Tightness of supply may further decrease as new factories pop up outside of China. There has been some talk of U.S. factories that have produced DCHA in the past beginning to produce again, Miyares added.
Some industry insiders said the impact of tariffs on DCHA from China could also be avoided by choosing different suppliers or different chemicals.
I do believe there are other sources of amines and corrosion inhibitors around the world, so I dont necessarily agree with the ILMA statement. I believe there are alternatives, said an industry player who asked to remain anonymous.
Industry sources and ILMA agreed that DCHA pricing could still rise again. China is a major supplier of aniline, the main ingredient in DCHA, and aniline costs are rising, according to ILMA. Those increases seem likely to affect DCHA prices, since there is no replacement for aniline.

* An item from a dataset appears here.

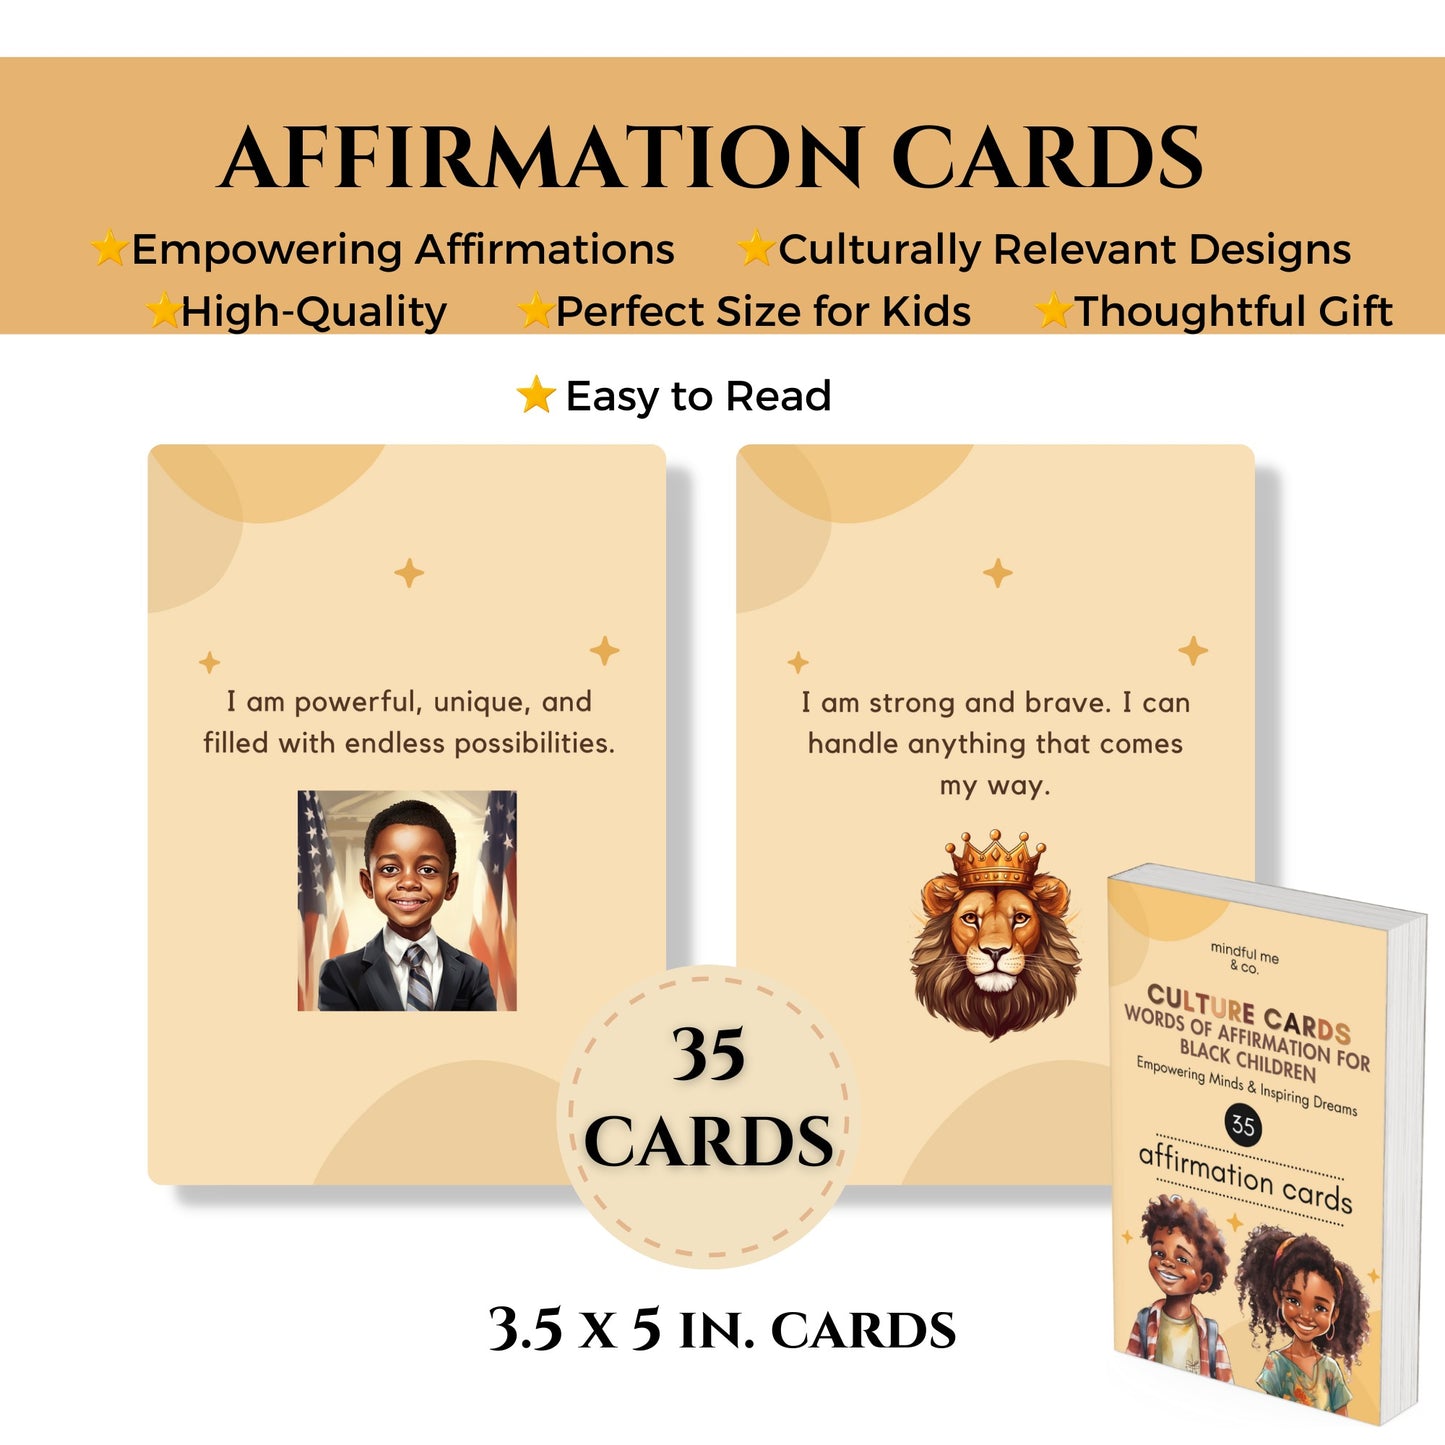 Affirmation Cards for Black Kids Girls Boys Children Affirmations Gifts Empower Confidence Card Daily Positive Black History Juneteenth

Im not aware of any factory in China that doesnt use anilines [when producing DCHA], echoed Miyares.
Since CHA and DCHA are direct downstream products of aniline, their market price is based mainly on the price of aniline, a Miami Chemical report noted.
The U.S. Trade Representative will soon announce a process by which individuals may request the exclusion of particular products covered by a tariff line subject to the additional duties.
The lubricants industry primarily uses corrosion inhibitors in metalworking fluids, hydraulic fluids, greases and gear oils, though smaller volumes are also used in engine oils, turbine oils and general industrial oils. Amine-type corrosion inhibitors make up roughly 40 percent of corrosion inhibitors, according to consultancy Kline & Co.
There are three general categories of amines: primary amines, which are commodities; and secondary and tertiary amines. Primary amines include, but are not limited to, monoethanolamine, isopropanolamine, diglycolamine and diethanolamine.
The primary amine makes up about half of amine demand, said David Tsui, program manager at Kline. A large portion of these products are sources from China.